Journalisten werfen den Behörden vor, dass der bürokratische Prozess absichtlich in die Länge gezogen wird, um die Medienleute zu schikanieren. Viele planen einen Heimaturlaub zu Weihnachten. Es kommt vor, dass Korrespondenten ihre lang geplanten Flüge verschieben müssen, obwohl sie sich zeitig um die Verlängerung ihrer Dokumente bemüht haben.

Repressive Medienpolitik zeigt Wirkung

Schlimmstenfalls wird das Visum verweigert. Zuletzt erwischte es 2012 eine amerikanische Mitarbeiterin des arabischen TV-Senders Al Dschasira, die das Land verlassen musste. Wenn sich Ausländer nach Ablauf ihres Visums im Land aufhalten, befinden sie sich illegal auf chinesischem Staatsgebiet und könnte mit einem langfristigen Einreiseverbot belegt werden.

Besonders in Peking ist es an der Tagesordnung, dass Polizeibeamte Journalisten mit dem Entzug ihrer Pressekarte und damit ihrer Arbeits- und Aufenthaltsgenehmigung drohen, wenn ihre Präsenz unerwünscht ist. Das widerspricht allen schriftlich fixierten Regeln zu den Arbeitsbedingungen der Reporter und ist international völlig unüblich. Chinesische Korrespondenten genießen in den USA oder auch in Deutschland umfassende Pressefreiheit.

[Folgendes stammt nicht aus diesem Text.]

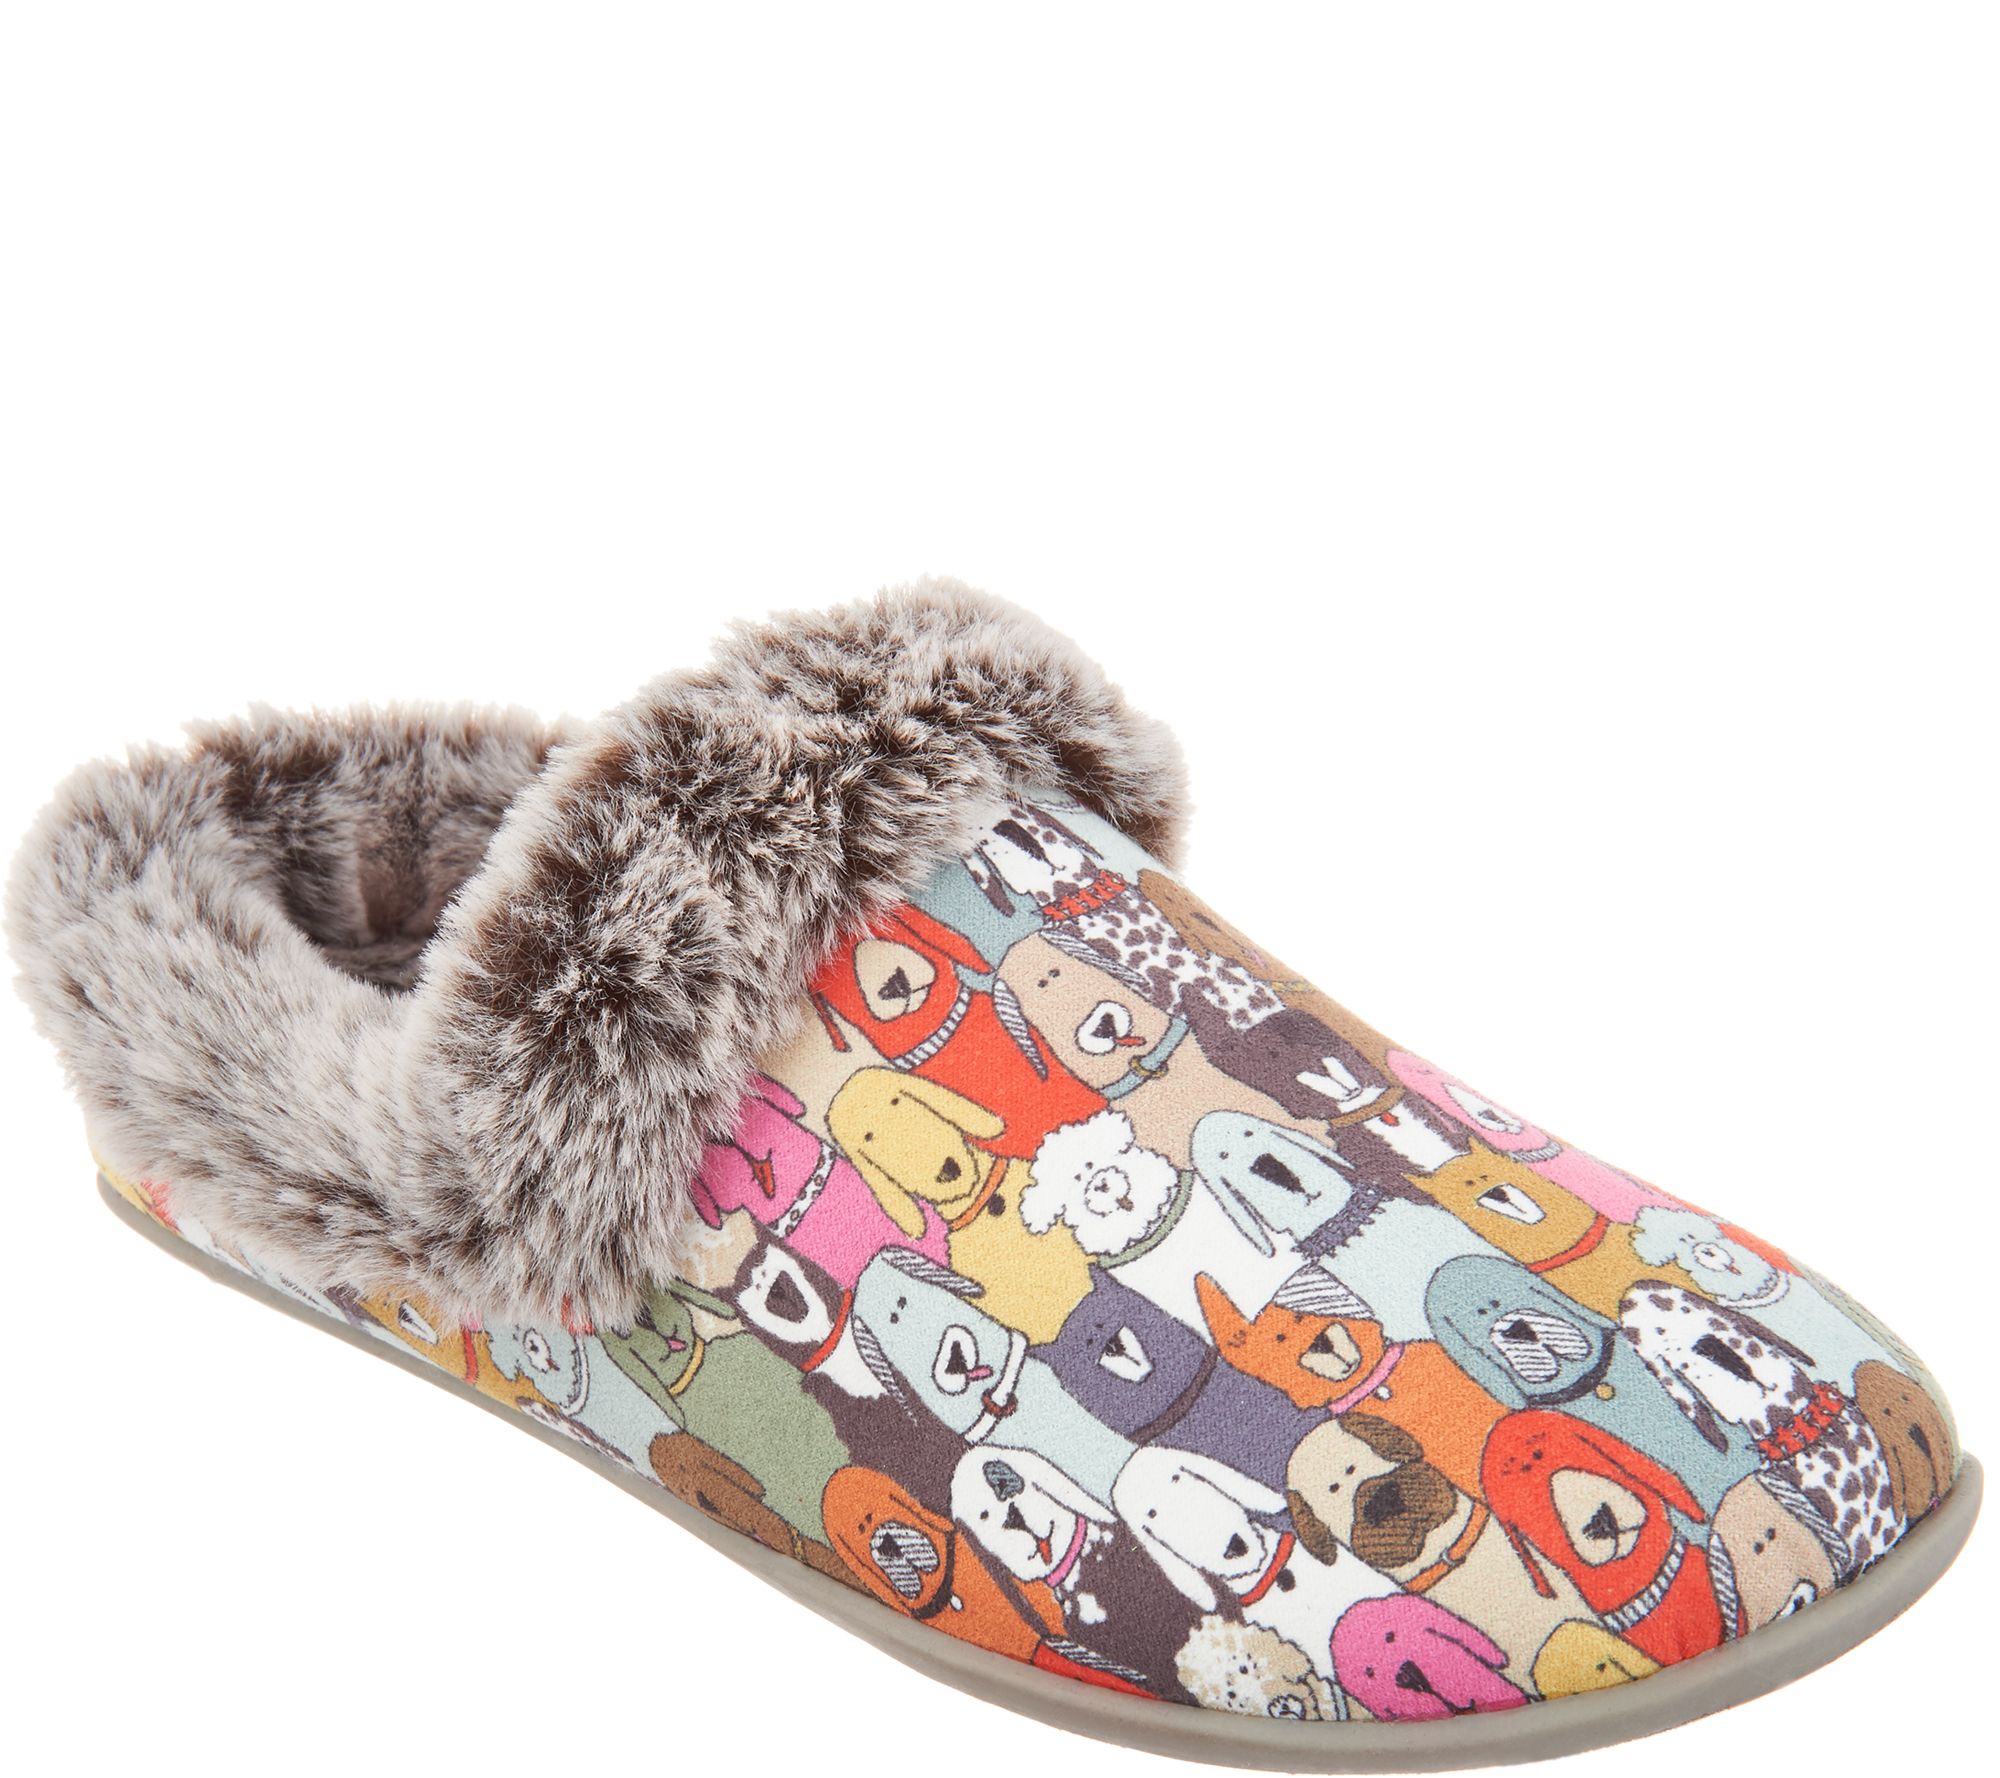 Skechers BOBs Clog Slippers - Wag

Die Angst vor dem Verlust der Akkreditierung für die eigenen Journalisten lässt Chefredaktionen und Verlage darüber grübeln, was ihnen die investigativen Resultate ihrer Arbeit wirklich wert sind. Im vergangenen Monat geriet die jetzt betroffene Nachrichtenagentur Bloomberg in den Blickpunkt, als die Verantwortlichen die Veröffentlichung einer brisanten Exklusivgeschichte aus Angst vor Repressionen verhinderten. Später kündigte sie dem Reporter der Geschichte, weil sie ihn beschuldigte, anderen Medien Hinweise auf die Selbstzensur der Chefredaktion gegeben zu haben.

Der Geist von Olympia ist verflogen

Um den Zuschlag für die Olympischen Spiele 2008 zu erhalten, begab sich die Volksrepublik einst auf den vermeintlichen Pfad liberaler Medienpolitik. Doch mit fadenscheinigen Ausreden wurde regelmäßig die andauernde Behinderung von Journalisten gerechtfertigt.

Spätestens seit Anfang 2011 ist von den liberalen Bekenntnissen rein gar nichts mehr übrig geblieben. Damals fürchtete die allein regierende Kommunistische Partei, dass die Demokratiebewegungen des arabischen Frühlings in die Volksrepublik übergreifen könnten. Seitdem ist der Spielraum für ausländische Medien deutlich eingeschränkt worden. Kontrolle und Restriktionen haben deutlich zugenommen.

Manchmal wenden Polizeibeamte Gewalt an wie im Fall eines Mitarbeiters der RTL- und n-tv-Korrespondentin Pia Schrörs. Der Chinese wurde bei einer Recherche zur katholischen Untergrundbewegung in der Hauptstadt in Gegenwart der deutschen Journalistin von Polizisten ins Gesicht geschlagen und am Arm verletzt.

Ebenfalls im Stadtgebiet von Peking wurde ein Fahrzeug mit einem ARD-Team von einer Gruppe nicht identifizierbarer Personen auf der Autobahn zum Halten gezwungen und die Windschutzscheibe des Fahrzeugs mit Baseballschlägern zertrümmert. Statt die Brutalität zu verurteilen, werfen Sicherheitsbehörden und Außenministerium in solchen Fällen den Journalisten illegale Berichterstattung vor.